Dans une étude récente publiée dans Médecine des voyages et maladies infectieusese, les chercheurs ont analysé phylogénomiquement le virus de la variole du singe (MPXV).
Sommaire
Arrière plan
Depuis mai 2022, plusieurs rapports font état d’une augmentation des infections à MPVX dans les pays non endémiques du monde. La pandémie actuelle de maladie à coronavirus 2019 (COVID-19) a mis en évidence l’importance de la surveillance génomique pour surveiller l’évolution des agents pathogènes qui menacent la santé publique.
À propos de l’étude
Dans la présente étude, les chercheurs ont évalué l’évolution et la diversité des génomes de MPVX à l’aide d’une analyse phylogénomique.
L’équipe a analysé un total de 337 données génomiques MPVX complètes et de haute qualité disponibles dans les bases de données de l’Initiative mondiale sur le partage de toutes les données sur la grippe (GISAID) et du National Center for Biotechnology Information (NCBI) virales à partir du 29 juin 2022. L’analyse a été effectuée selon le schéma suivant. L’équipe a aligné les données génomiques à l’aide de l’outil NextClade v2.1.0, suivi de l’analyse descriptive des génomes alignés ainsi que du nombre d’infections par le MPVX. Par la suite, l’équipe a analysé les relations phylogénomiques entre les séquences génomiques disponibles publiquement.

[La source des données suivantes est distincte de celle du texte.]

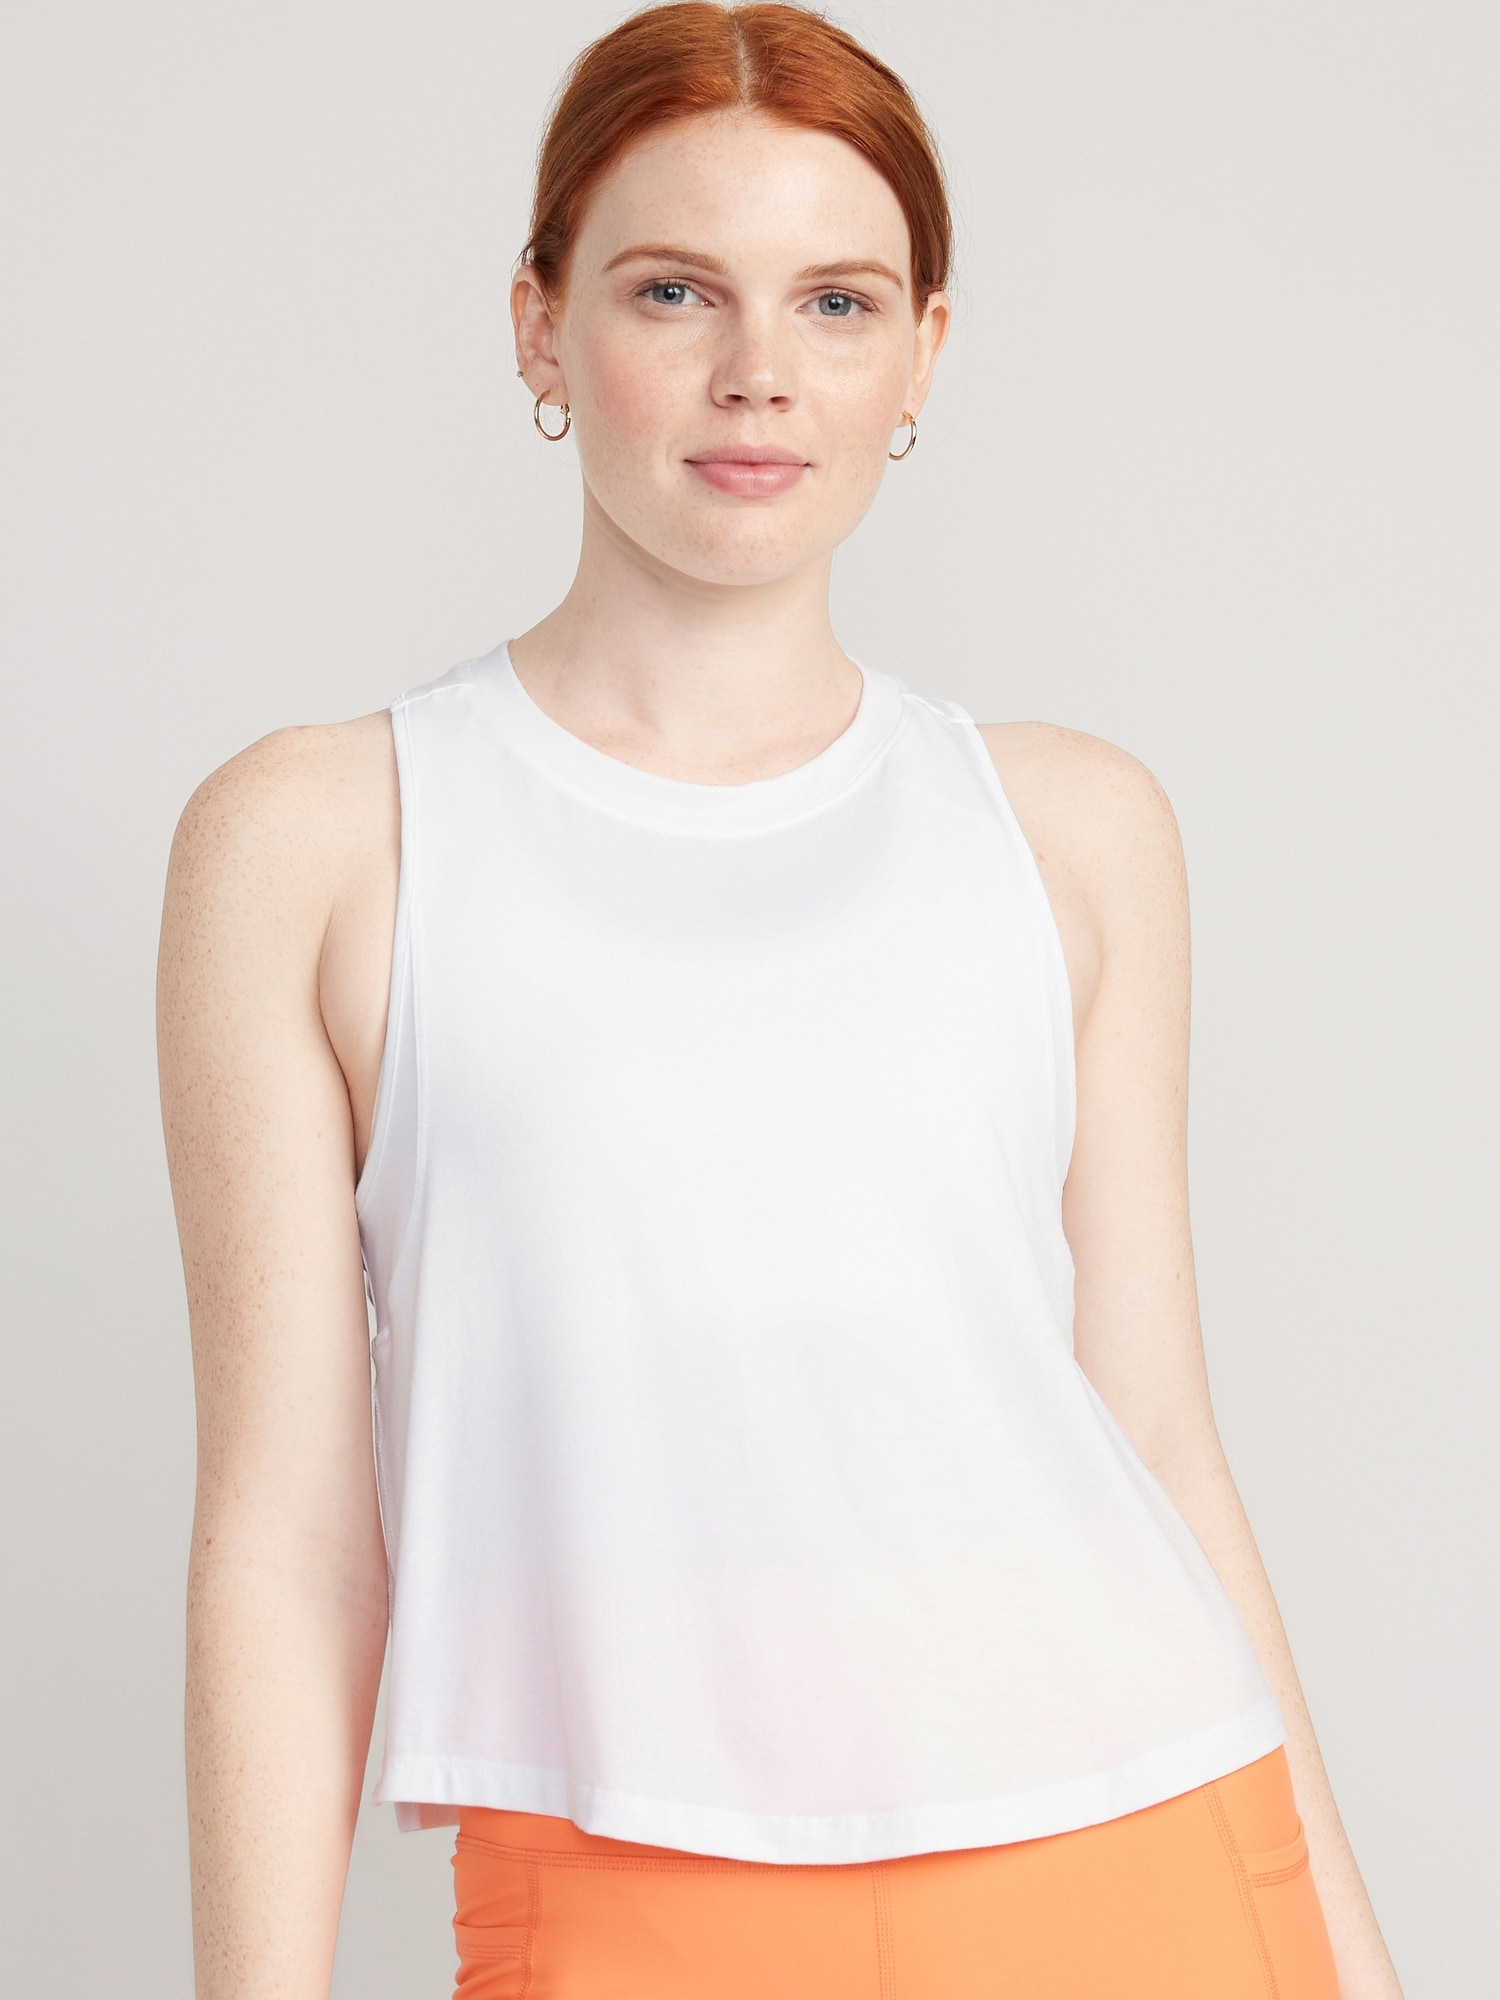 Old Navy UltraLite All-Day Sleeveless Cropped Top for Women white. 1

L’analyse phylogénomique a été réalisée à l’aide de l’ensemble de données aligné dérivé de NextClade. Les ensembles de données ont été utilisés pour développer davantage un maximum de vraisemblance (ML). De plus, l’équipe a évalué la date d’introduction potentielle ainsi que la dynamique de dispersion des infections à MPVX. L’arbre obtenu à partir de cette évaluation a été représenté dans l’arbre de vie interactif (iTOL), dans lequel les clades ont été attribués en fonction du système de classification intrataxa. Ce système a été utilisé car il décrivait avec précision la diversité virale et incluait des virus appartenant aux réservoirs animaux ainsi que des épidémies humaines passées, y compris les clades MPXV 1, 2 et 3.
Résultats
Les résultats de l’étude ont montré que les pays non endémiques, dont l’Espagne, l’Angleterre et l’Allemagne, ont signalé le plus grand nombre de cas de MPXV. De plus, 32,6 % des séquences génomiques accessibles au public ont été obtenues en Allemagne, tandis que 13,4 % ont été obtenues au Portugal. De plus, parmi les génomes issus de zones non endémiques, 77,4 % appartenaient à la lignée B1 du MPXV Clade 3, 10,4 % au MPXV Clades 1 et 2,5 % au MPXV Clades 2. Entre 1970 et 1996, les années du premier et deuxième foyers de MPXV, le MPXV a été trouvé dans des pays endémiques, dont la République démocratique du Congo (RDC), le Cameroun et le Nigeria. Cependant, la troisième épidémie en 2003 a détecté la présence des génomes du MPXV dans des pays non endémiques.
La phylogénie à échelle temporelle maximale de vraisemblance (ML-TSP) a révélé que les trois principaux clades de MPXV présentaient un regroupement de séquences virales dérivées de réservoirs animaux et d’épidémies d’infection passées chez l’homme. Ces trois clades se sont avérés monophylétiques et comprenaient : (1) 35 génomes humains de MPXV liés aux épidémies survenues en Afrique centrale entre 1970 et 2017, (2) MPXV Clade 2 ayant 16 génomes appartenant à différents pays détectés entre 1970 et 2017, et (3) MPXV Clade 3 ayant 286 génomes appartenant aux épidémies survenues entre 2017 et 2022. Le Clade 3 comprenait le clade humain MPXV-1A ainsi que les nouvelles lignées A.1, A.1.1 et B1, où B.1 comprenait les génomes MPXV détectés lors de l’épidémie de MPXV de 2022. De plus, la phylogénie à l’échelle temporelle a révélé que le groupe le plus ancestral était MPXV Clade 1, tandis que les groupes les plus récents étaient les clades hMPXV-1A.
Conclusion
Les résultats de l’étude ont montré que tous les génomes détectés dans l’épidémie actuelle de MPXV chez l’homme en 2022 ont une lignée monophylétique remarquable par rapport aux lignées observées lors des précédentes épidémies de MPXV humain. Cette divergence frappante par rapport aux lignées passées met en évidence la signature mutationnelle accrue, indiquant une voie évolutive accélérée. L’étude a suggéré que les variations génomiques notées pourraient être responsables de la transmission efficace et de l’augmentation du nombre d’infections au MPXV observées lors de l’épidémie de MPXV de 2022.